Engineering Mechanics: Statics and Dynamics, 14th Edition
Authors: Russell C. Hibbeler
ISBN-13: 978-0133915426
See our solution for Question 13P from Chapter 17 from Hibbeler's Engineering Mechanics.
Problem 13P
Step-by-Step Solution
We are given a wheel in form of a thin ring having four spokes made from slender rods.
The mass of the thin ring is, ${m_r} = 10{\rm{ kg}}$.
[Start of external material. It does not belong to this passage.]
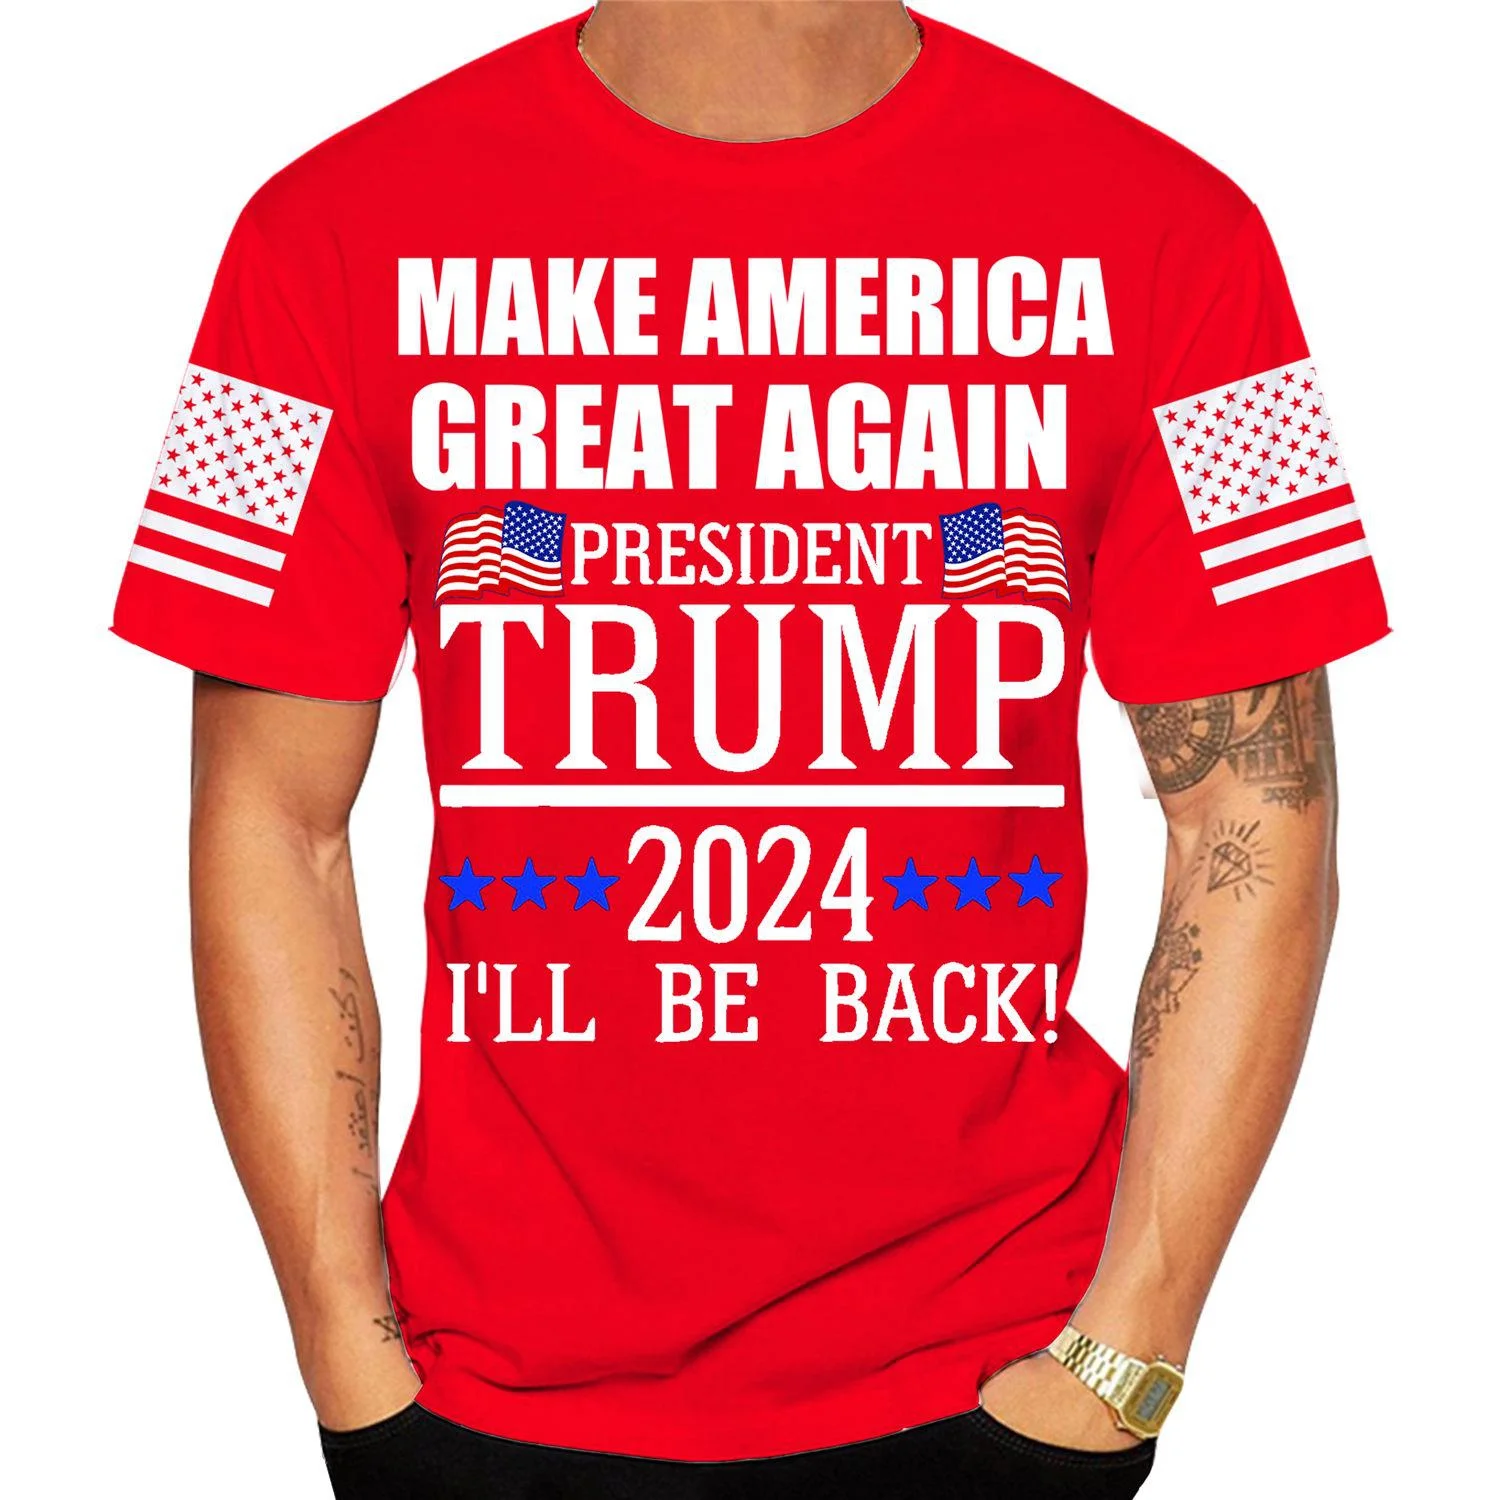 

Новая мода 2024 футболки с 3D принтом Дональда Трампа для мужчин Забавный Трамп делает Америку великолепной снова Трампа топ с коротким рукаво...

The number of spokes in the ring is, $n = 4$.
The mass of each spoke is, ${m_s} = 2{\rm{ kg}}$.
The radius of the wheel is, $r = 500{\rm{ mm}}$.
We are asked to determine the wheel’s moment of inertia about an axis perpendicular to the page and passing through point $A$.
Step 2
The diagrammatic representation of the wheel is given below:
Step 3
The moment of inertia of the thin ring having four spokes about an axis perpendicular to the page and passing through point $A$ is given by,
\[\begin{array}{c} {I_o} = 4 \times \left( {\frac{{{m_s}{d^2}}}{{12}}} \right) + {m_r}{r^2}\\ {I_o} = 4 \times \left( {\frac{{2\;{\rm{kg}} \times {{\left( {1\;{\rm{m}}} \right)}^2}}}{{12}}} \right) + \left( {10\;{\rm{kg}}} \right) \times {\left( {{\rm{0}}{\rm{.5}}\;{\rm{m}}} \right)^2}\\ {I_o} = 3.167\;{\rm{kg}} \cdot {{\rm{m}}^2} \end{array}\]Step 4
The moment of inertia of the whole wheel about an axis perpendicular to the page and passing through point $A$ is given by,
\[\begin{array}{c} {I_A} = {I_o} + \left( {{m_r} + n{m_s}} \right){r^2}\\ {I_A} = \left( {3.167\;{\rm{kg}} \cdot {{\rm{m}}^2}} \right) + \left[ {\left( {10\;{\rm{kg}} + \left( 4 \right) \times 2\;{\rm{kg}}} \right)} \right] \times {\left( {0.5\;{\rm{m}}} \right)^2}\\ {I_A} = \left( {3.167\;{\rm{kg}} \cdot {{\rm{m}}^2}} \right) + \left( {4.5\;{\rm{kg}} \cdot {{\rm{m}}^2}} \right)\\ {I_A} = 7.67\;{\rm{kg}} \cdot {{\rm{m}}^2} \end{array}\]